# REQUIRED ACTION
Leaving the pictures aside, return the listing exactly as it appears.

# SOURCE INFORMATION

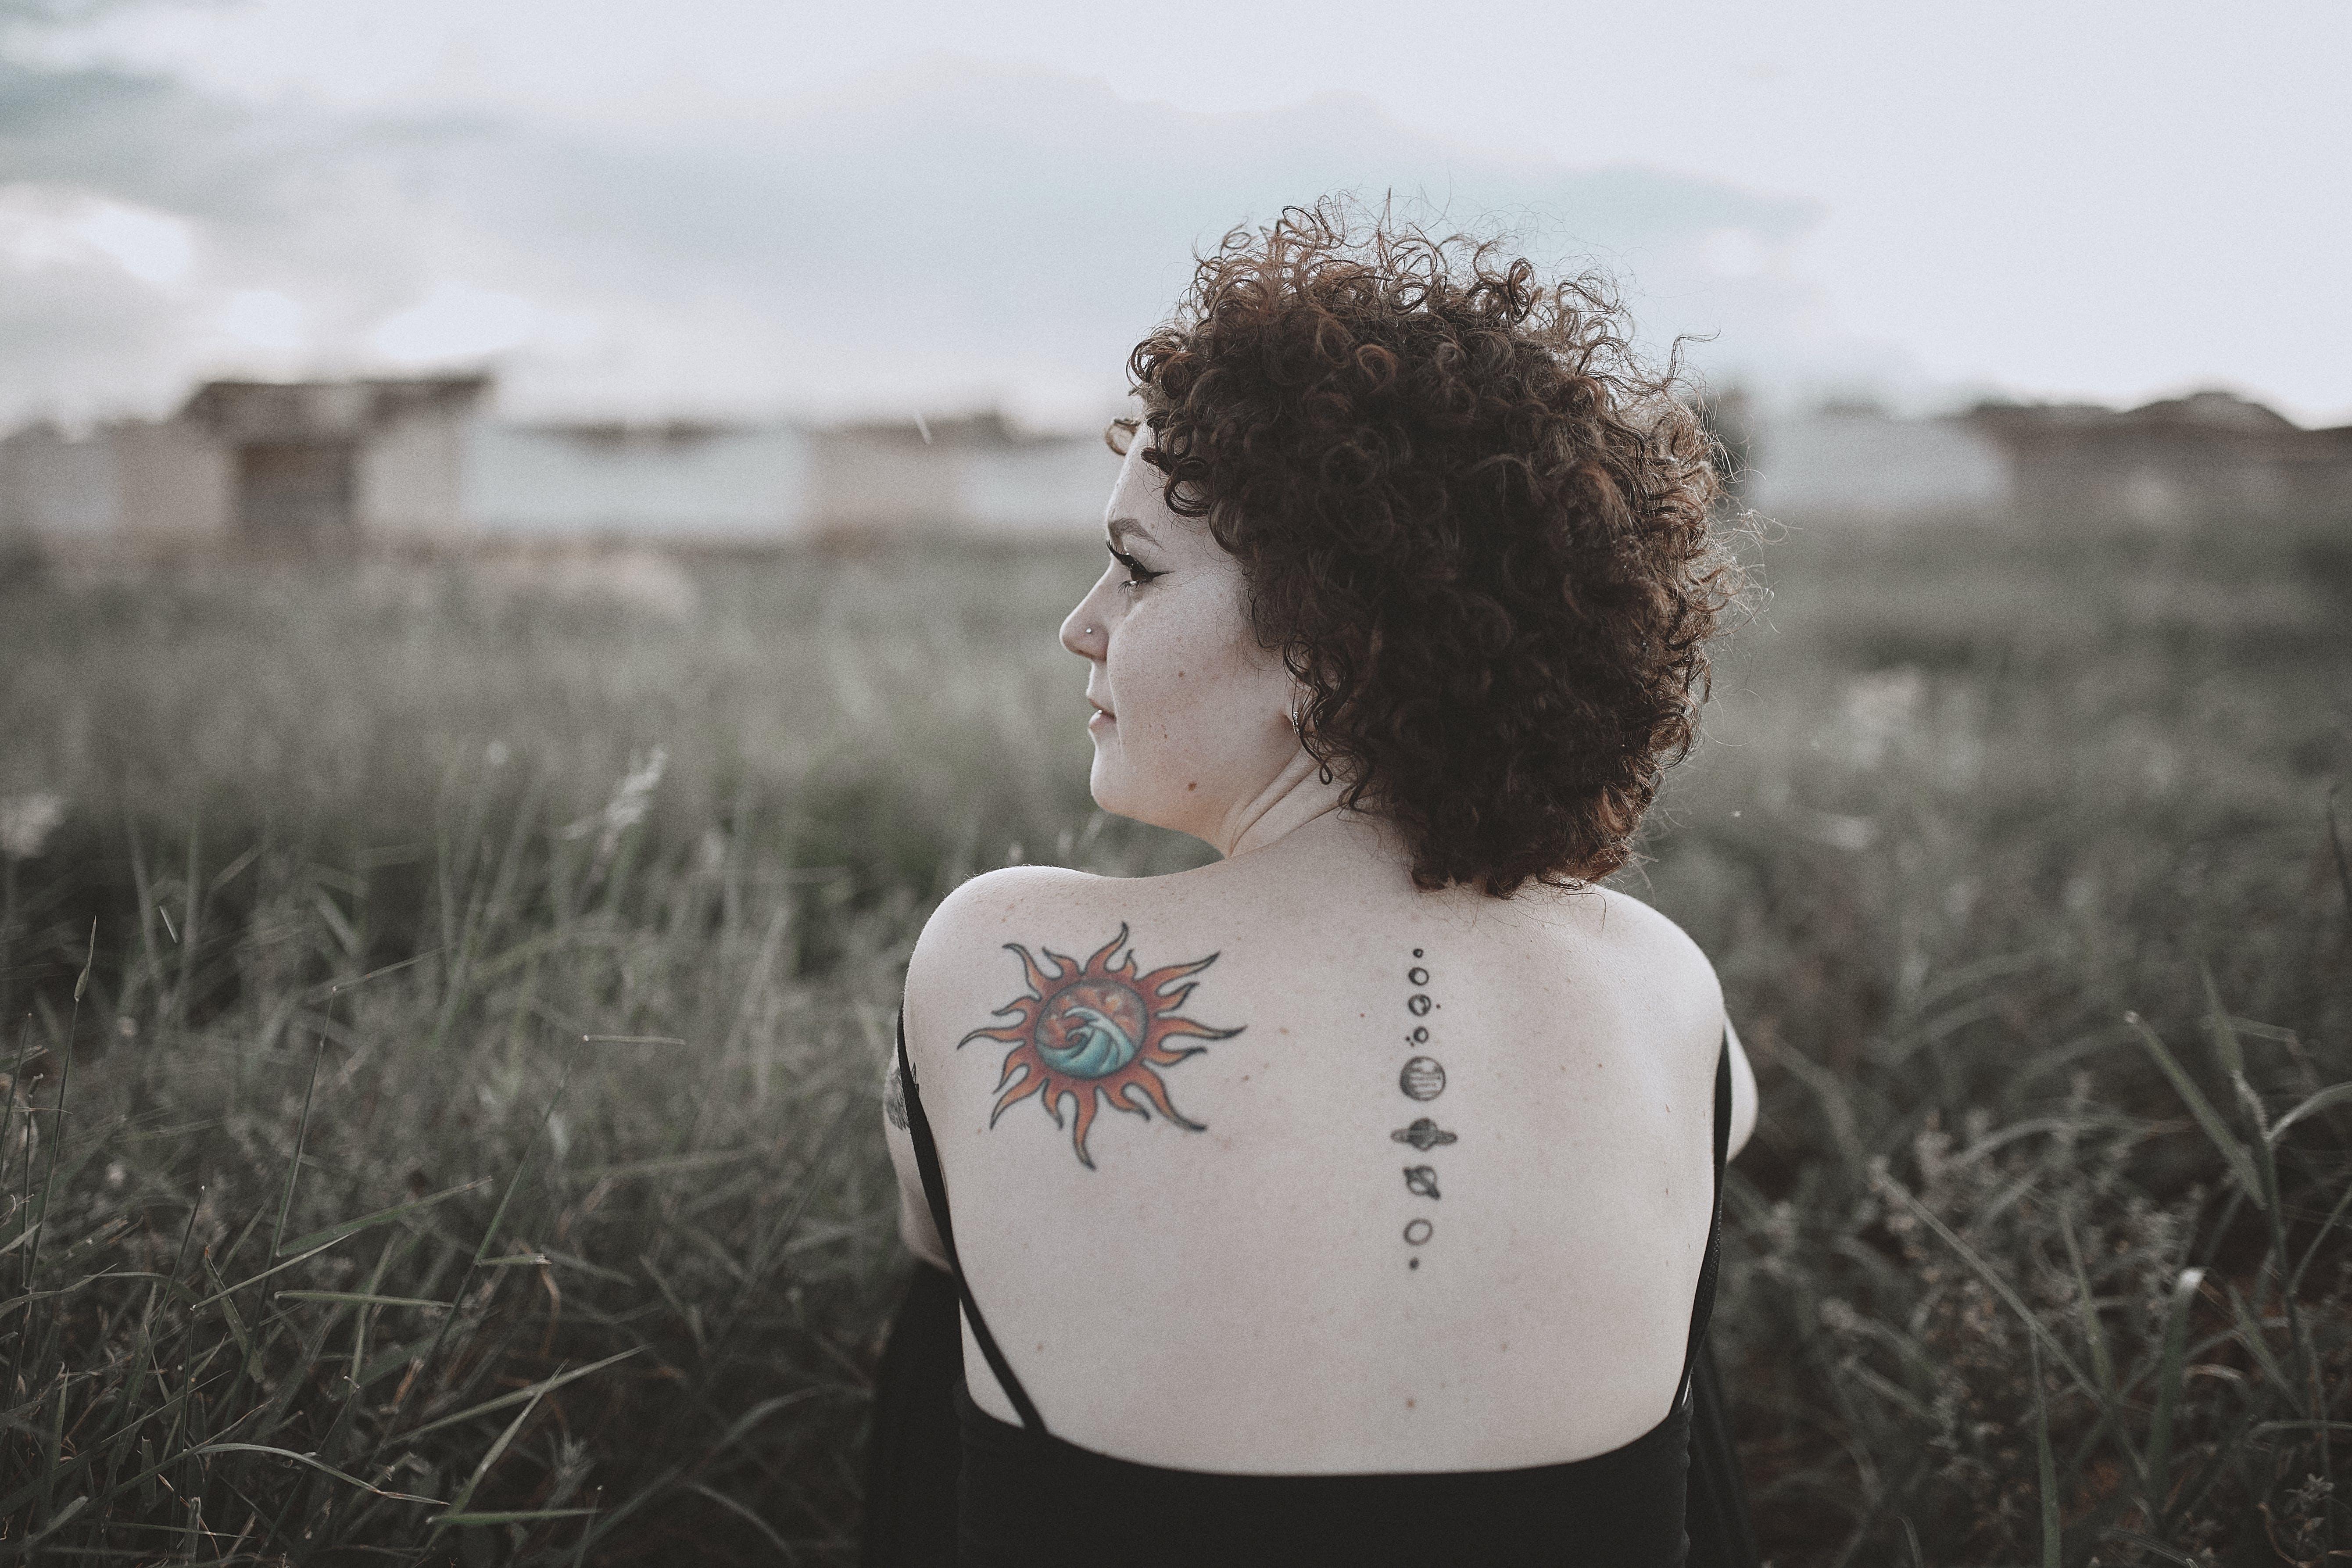 后背, 女人, 田, 草 的 免费素材照片
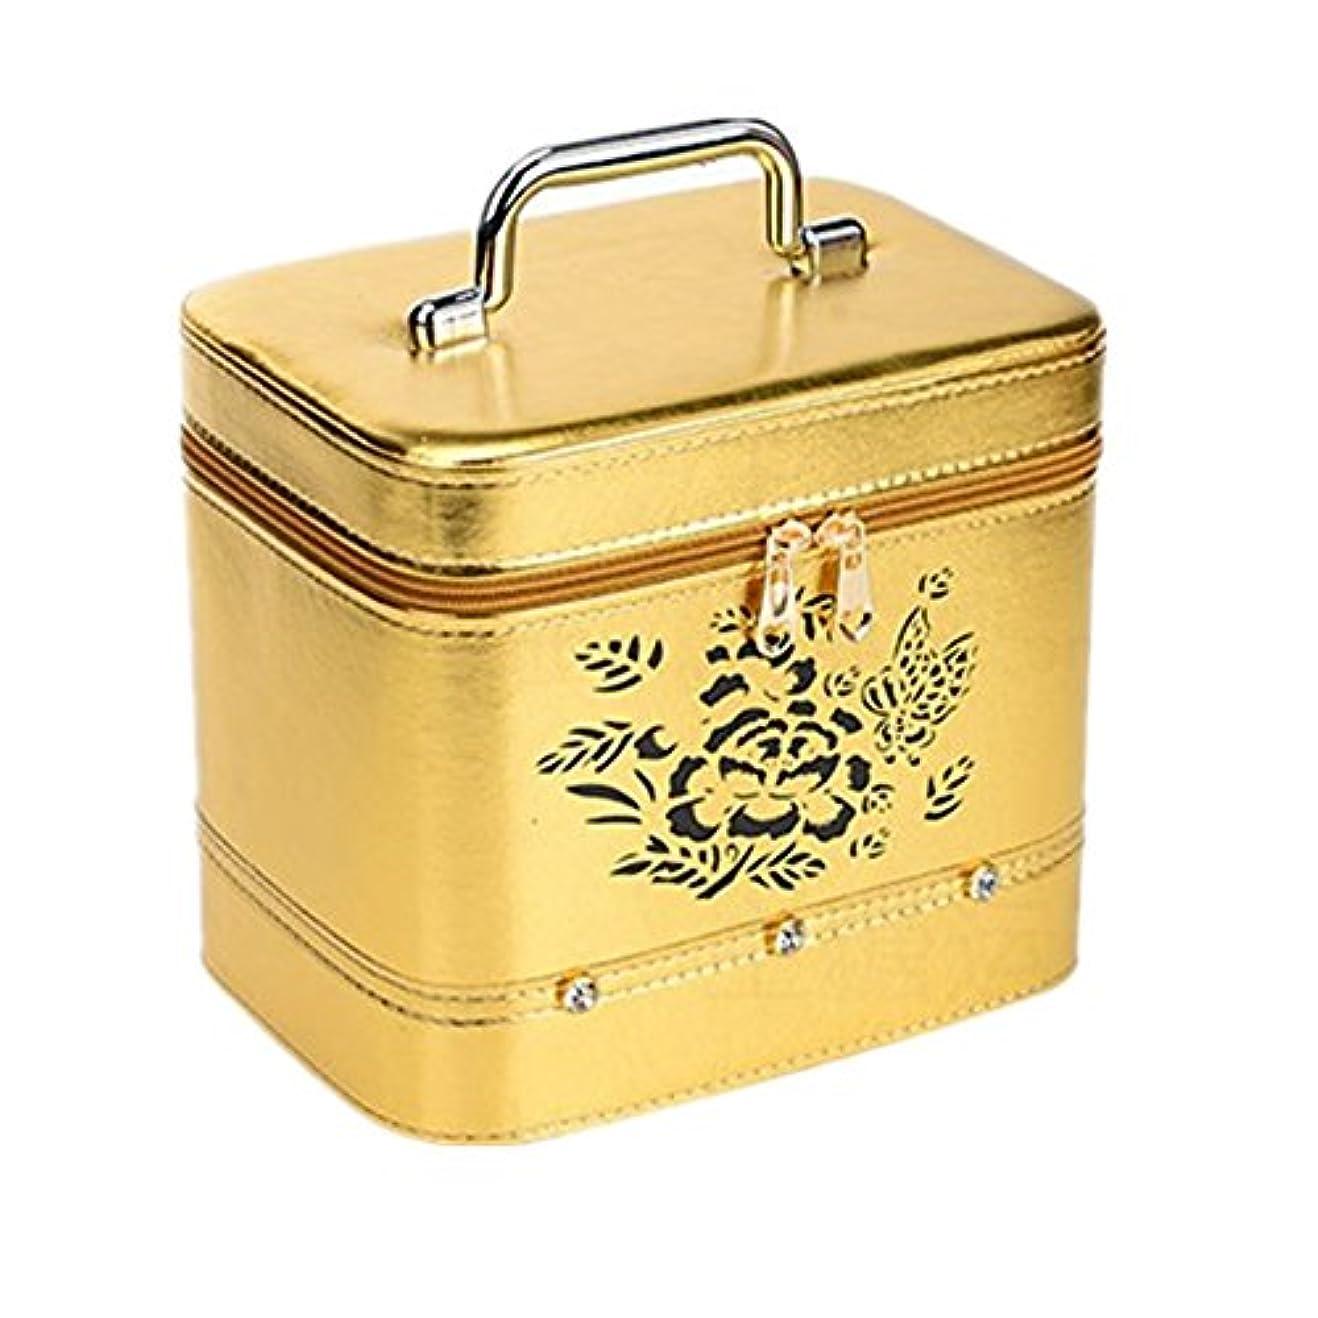 摂氏度武装解除無線化粧オーガナイザーバッグ ジッパーと化粧鏡で小さなものの種類の旅行のための美容メイクアップのためのポータブル化粧品バッグ 化粧品ケース
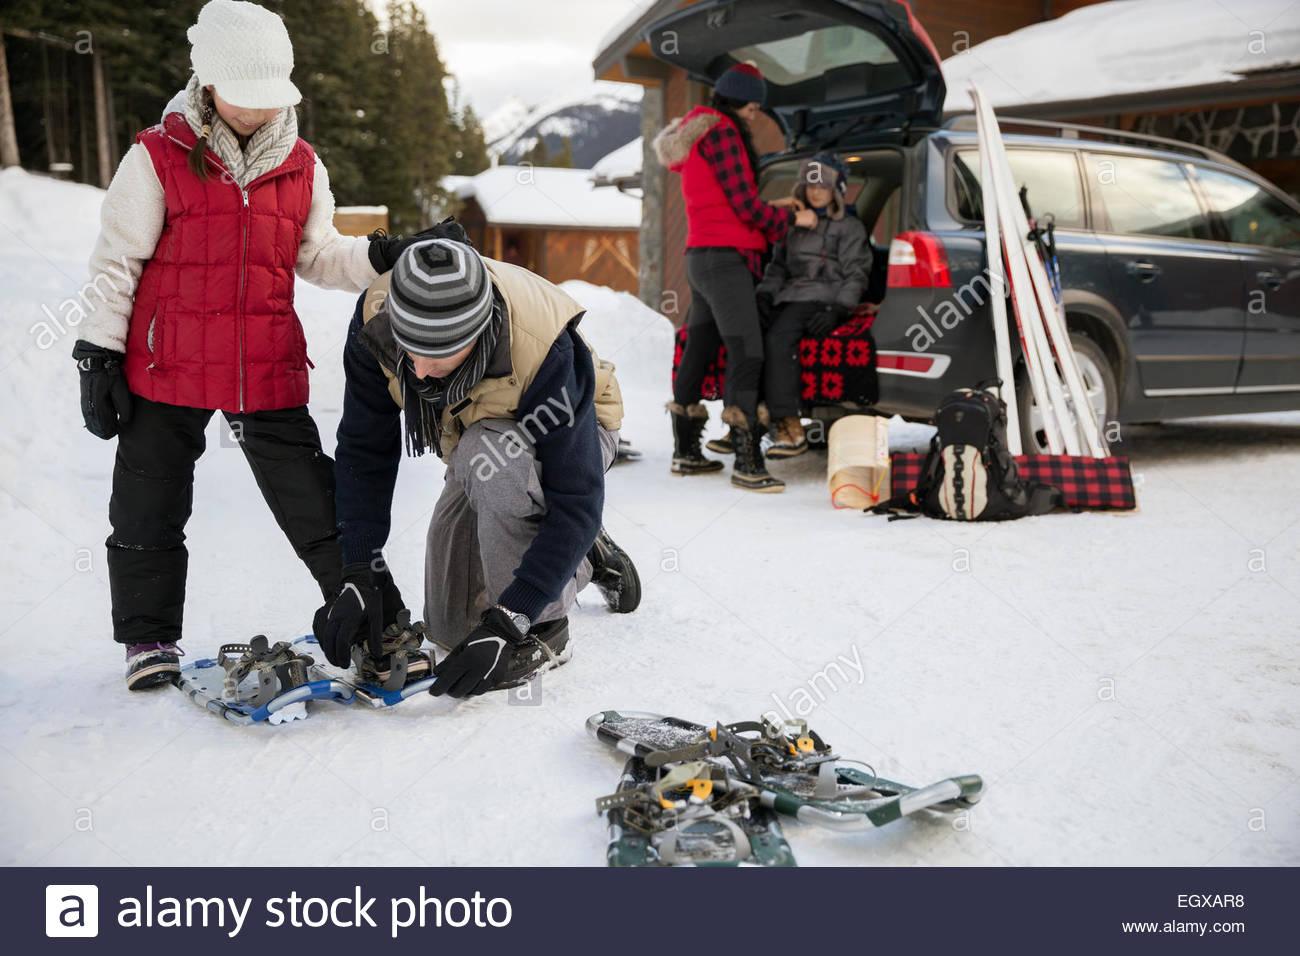 Padre di racchette da neve di fissaggio sulla nostra figlia nel vialetto innevato Foto Stock
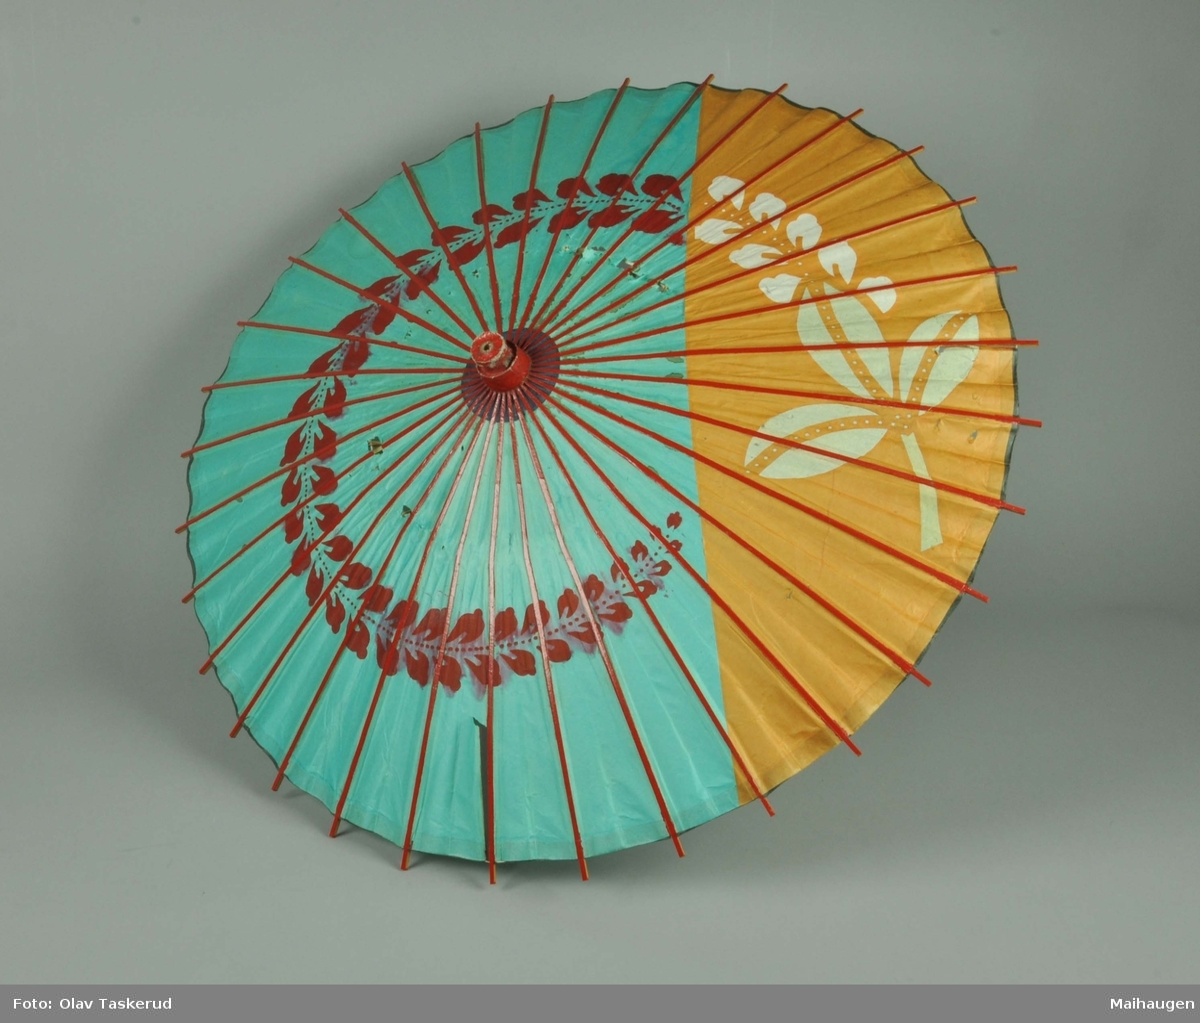 Parasoll av trespiler trukket med papir innvendig. papiret har trykte blomstermotiv. Utvendig er parasollen rødmalt.
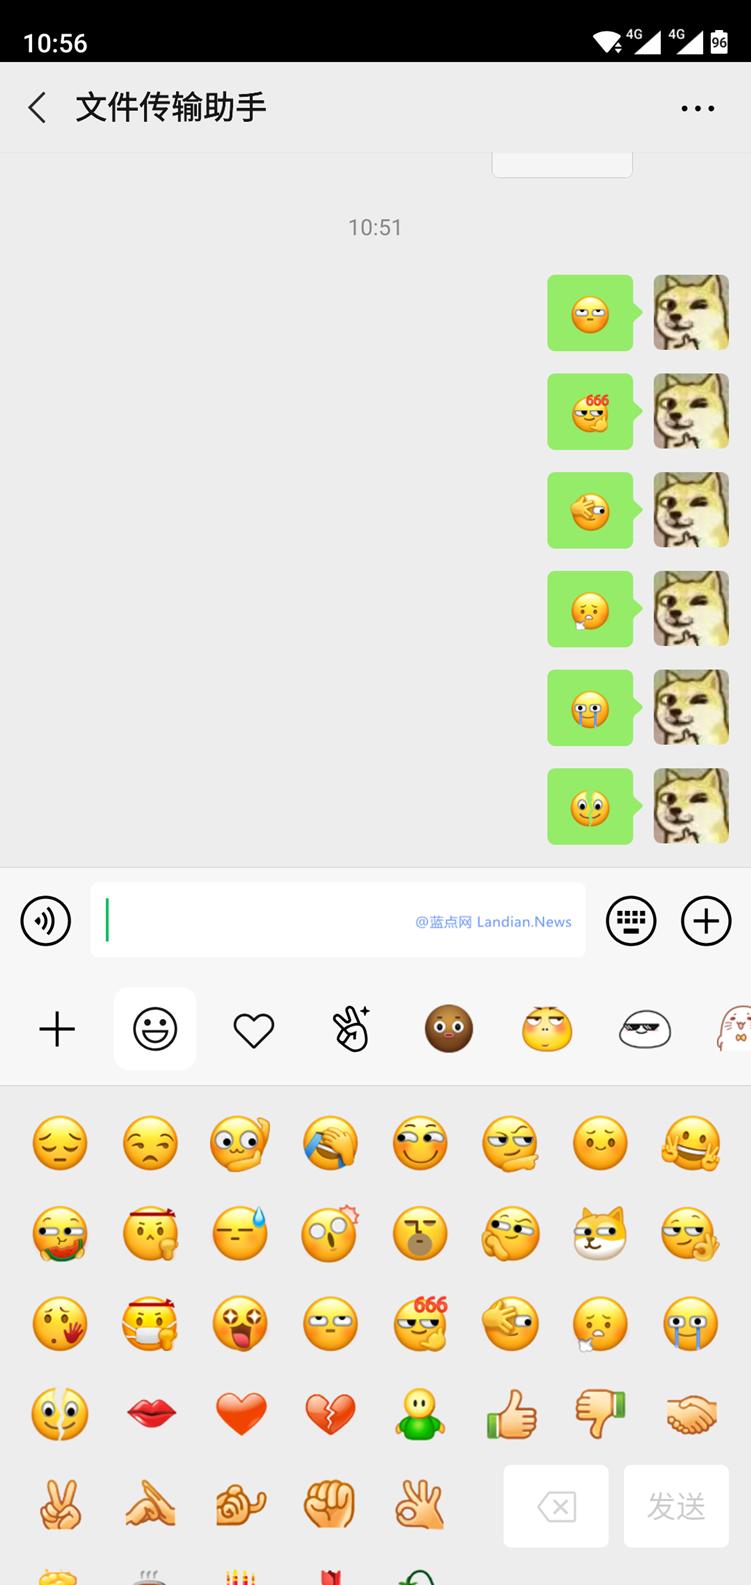 微信推出6个新表情 包括:翻白眼、666、让我看看、叹气、苦涩和裂开

# ANSWER
 后背, 女人, 田, 草 的 免费素材照片
 摂氏度武装解除無線化粧オーガナイザーバッグ ジッパーと化粧鏡で小さなものの種類の旅行のための美容メイクアップのためのポータブル化粧品バッグ 化粧品ケース
 Padre di racchette da neve di fissaggio sulla nostra figlia nel vialetto innevato Foto Stock
 Parasoll av trespiler trukket med papir innvendig. papiret har trykte blomstermotiv. Utvendig er parasollen rødmalt.
 微信推出6个新表情 包括:翻白眼、666、让我看看、叹气、苦涩和裂开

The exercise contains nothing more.